Since the ceasefire in April 2002, widespread population movements have begun to take place throughout the country. While some of these movements have taken place satisfactorily, there has been, not unnaturally given the scale of the problem and the resources required in terms of both human beings and money, a lack of co-ordination around the return of many from one province to another. Return and resettlement areas often lack infrastructure, basic services and adequate administration; food securities are tenuous and the promised redistribution of resettlement kits to all registered UNITA personnel has not taken place in many cases. Linked with this, there are reports that some ex-UNITA personnel have been rejected by the communities to which they have returned.

Displaced populations, particularly when on the move, may be vulnerable to a wide range of human rights abuses. There is concern about a number of protection issues that are presenting themselves in relation to the movements of populations and with regard to populations currently remaining within gathering areas/displaced people camps.

It is naturally the responsibility of the Government of Angola to support and protect the returned displaced peoples, but it is to be hoped that the donor community, including the United Kingdom, will support the government in this critically important area. It would be interesting to hear the Minister's judgment of what is happening with the resettlement programme.

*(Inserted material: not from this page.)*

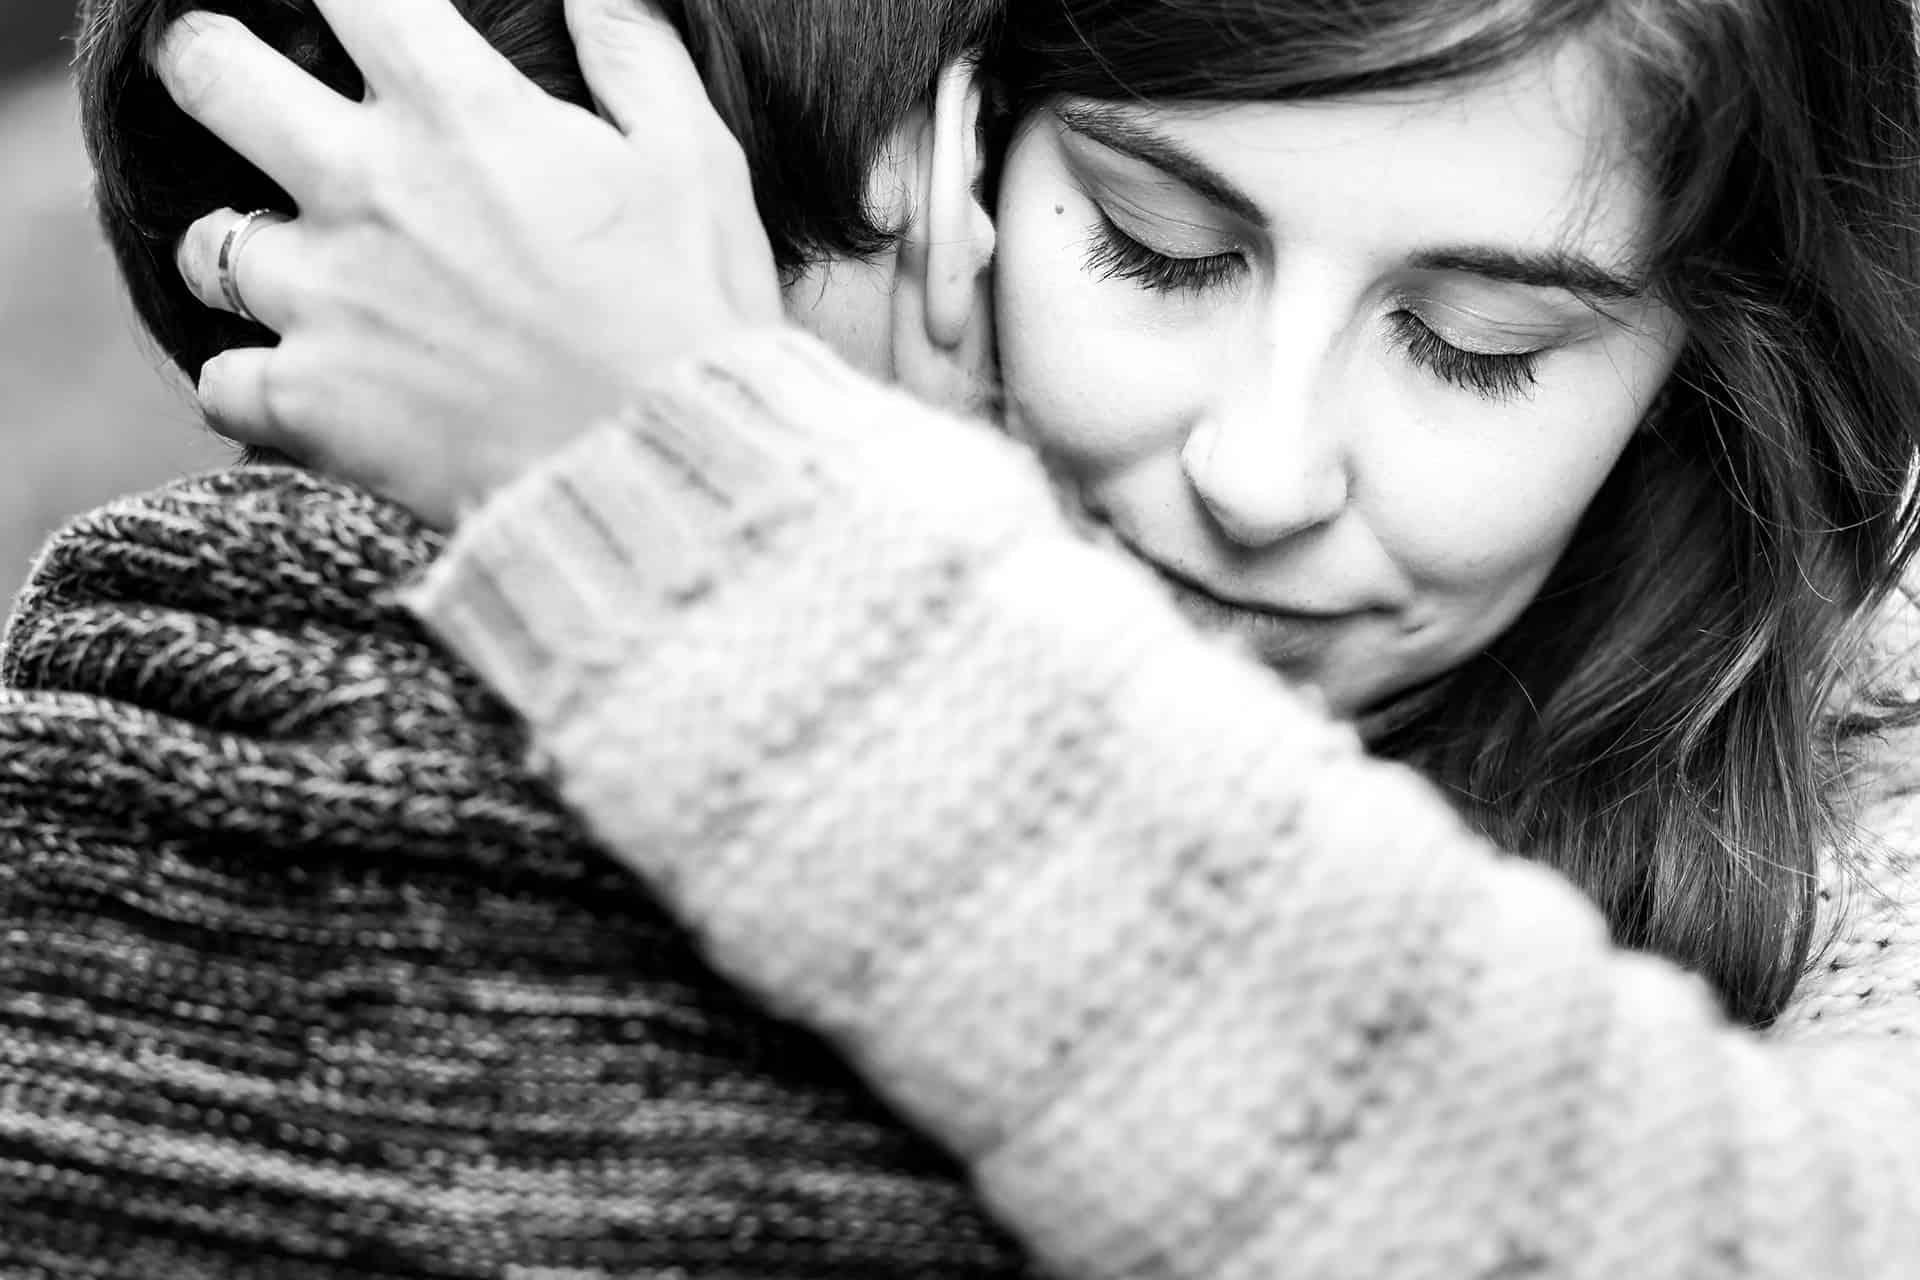 novia abrazando a su futuro marido

Another key issue, referred to by my noble friend Lord Listowel and others, is transparency in relation to oil and diamond revenues. Now that the civil war is over, there is an opportunity for the Government of Angola to ensure that there is transparency in relation to the revenues received from oil and diamonds.

In this regard, the oil companies operating in Uganda have an important role to play. It is enormously encouraging that BP has agreed to publish details of all payments it has made to the Angolan Government, and I understand that this approach has the active support of President dos Santos. If that is so, it is a great step forward. Will the Minister advise the House whether Her Majesty's Government will be in a position to put pressure on other oil companies to do the same and use their influence with the European Union and the USA to ensure that oil companies based in those countries will do likewise?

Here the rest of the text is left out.